3) More double strand breaks (DSB) occur, in part, due to defective repair machinery because of high temperatures

Staining for γH2AX was used to assess the levels of DNA DSBs at the different temperatures. These were found to increase at 38 °C and, to a lesser extent, 37 °C, as compared to 34 °C. Subsequent to γH2AX analyses, the authors conducted staining for RAD51 and DMC1 (DSB repair proteins) to investigate the formation of recombination foci in spermatocytes at different temperatures. Explants maintained at 34 °C showed foci numbers similar to in vivo, although RAD51 foci numbers were slightly increased. However, at 38 °C, the authors observed reduced numbers of RAD51 and DMC1 foci in late leptotene and zygotene spermatocytes. At 37 °C, foci numbers were slightly reduced in late leptotene and zygotene, and the few pachytene spermatocytes that survived showed similar numbers to the in vivo control. These findings suggest that the recruitment and assembly of RAD51 and DMC1 to form recombination foci are compromised at 37 °C and 38 °C, likely contributing to the observed increase in unresolved DSBs (γH2AX) at elevated temperatures.

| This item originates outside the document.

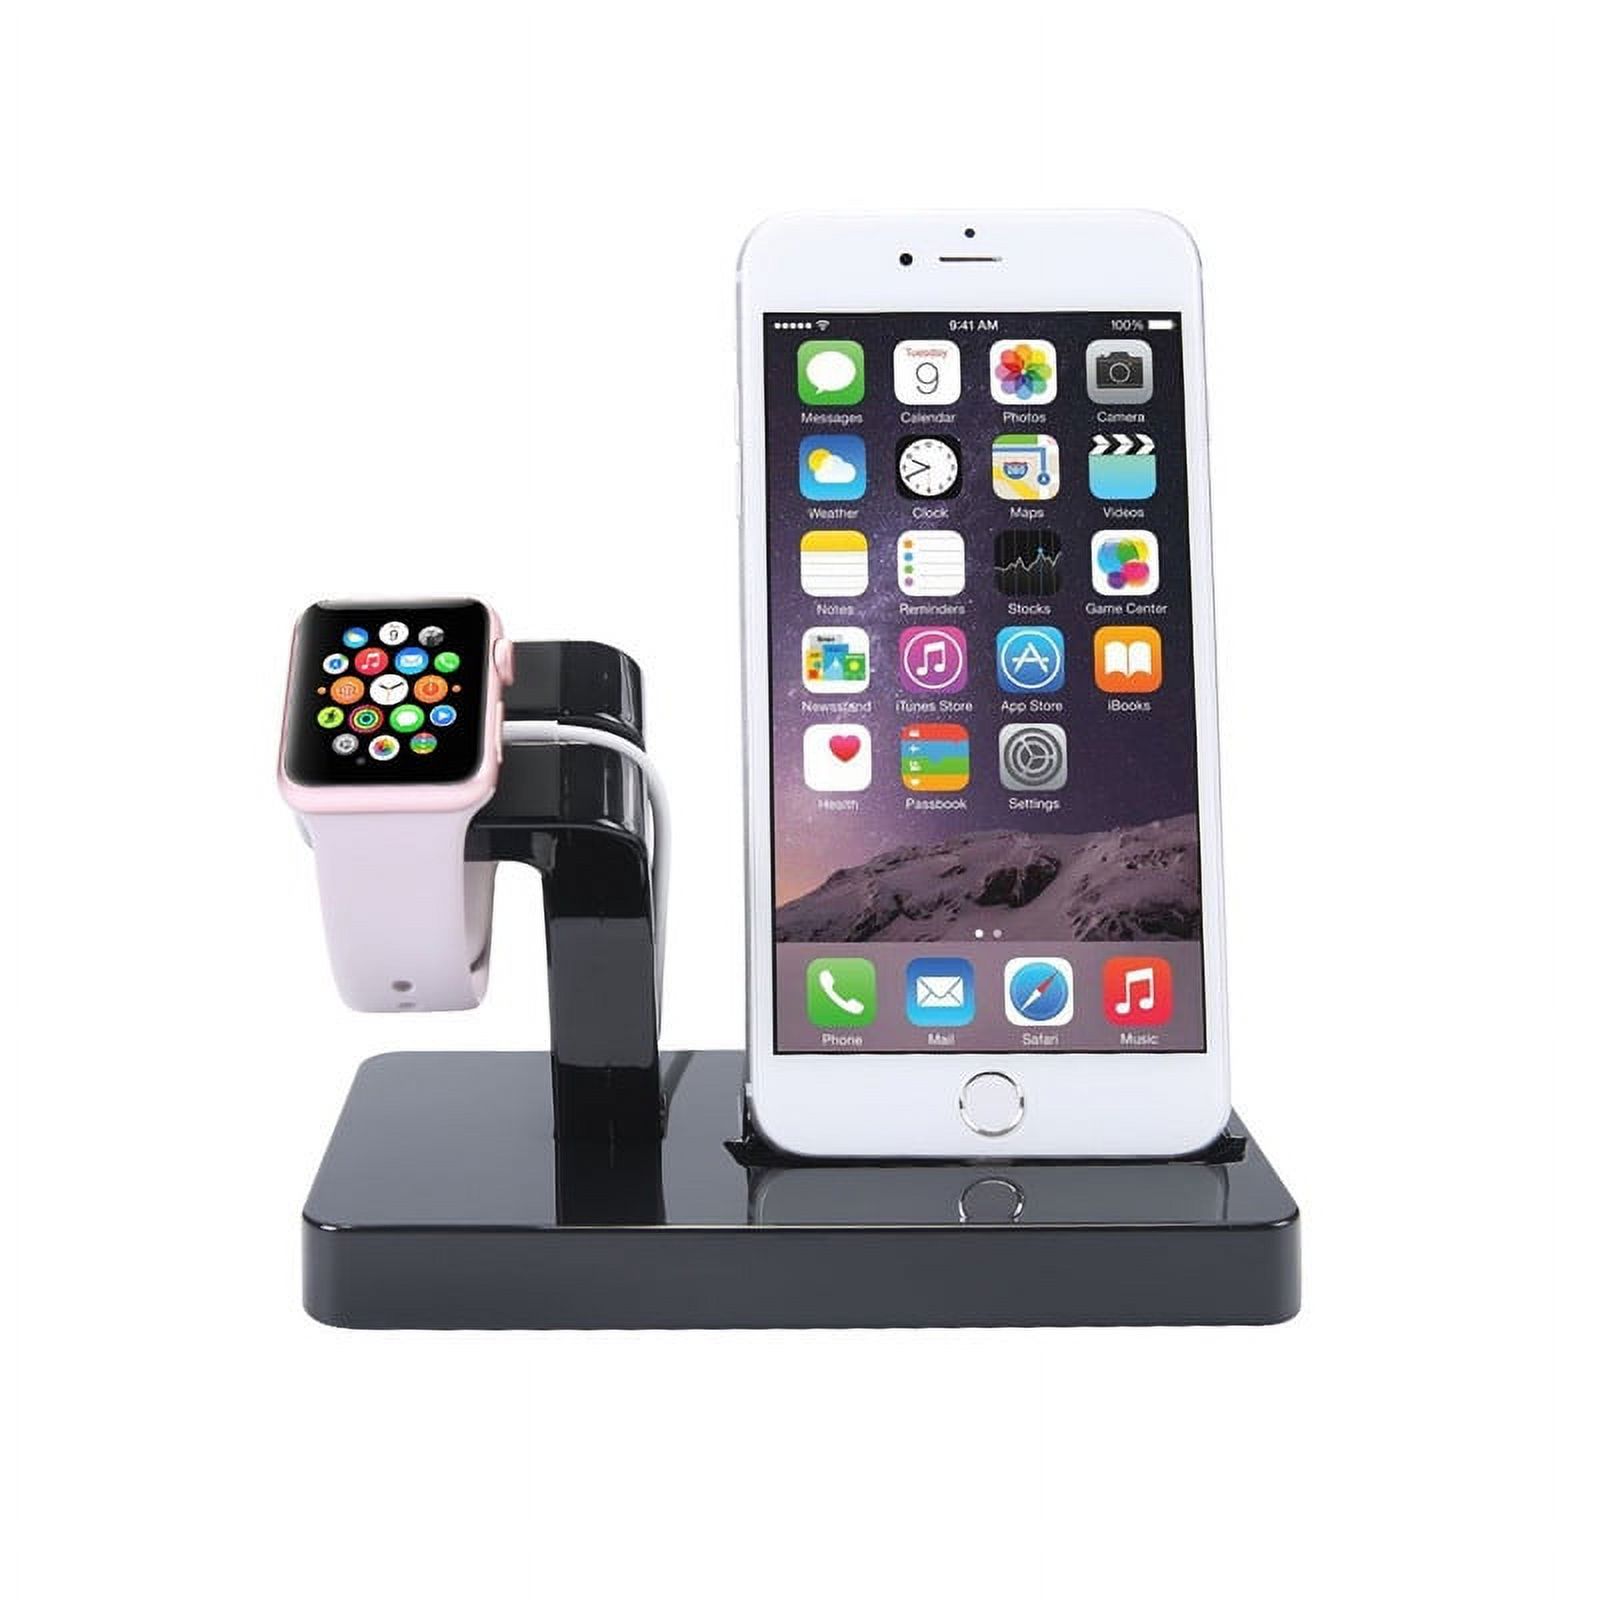 Charging dock,2 in 1 Stand Holder & Charging Docking Station, Charger Stand Dock Compatible with Apple Watch Series 3 2 1, iWatch, iPhone, iPod -Black - image 1 of 8

4) Abundant DSBs cause asynapsis

Normally, synapsis occurs synchronously in zygotene spermatocytes when both synapsed and unsynapsed regions are present in the nucleus. However, in explants grown at 37 °C and 38 °C, the authors observed disordered chromosome pairing in some zygotene spermatocytes, with some chromosomes completely synapsed and others unsynapsed. They also observed pairing of non-homologous chromosomes, defined as “aberrant pachytenespermatocytes”. Such cells were rare in vivo but more abundant in explants grown at 37 °C and 38 °C. No MLH1 foci (meiotic recombination) could be observed in aberrant pachytene spermatocytes at any temperature tested, suggesting that these cells do not activate the meiotic program that usually occurs in late pachytene. In contrast, fully synapsed pachytene spermatocytes surviving at 34 °C and 37 °C harbored MLH1 foci, indicating their progression to late pachytene. However, the number of MLH1 foci decreased at 37 °C, and chromosome pairs lacking foci were often observed in these pachytene spermatocytes. Therefore, crossover formation was compromised in late pachytene spermatocytes developed ex vivo, less at 34 °C and critically from 37 °C.

Fig. 2 The effects of  temperature on spermatogenesis with a focus on meiosis. At a temperature of 34 °C, meiosis is completed normally and spermatids are formed. However, at higher temperatures of 37 °C or 38 °C, DSBs increase, leading to asynapsis, compromised crossover formation, and cell death without completing meiotic divisions. The degree of impairment varies between cells, with severely affected cells undergoing aberrant pachytene and less-affected cells completing chromosome pairing. The meiotic checkpoint eliminates cells with DSBs and asynapsis above a certain threshold through apoptotic cell death, while cells below the threshold survive until late pachytene. All cells are eliminated at 38 °C, while some cells survive until late pachytene at 37 °C but retain abnormally abundant DSBs and asynapsis.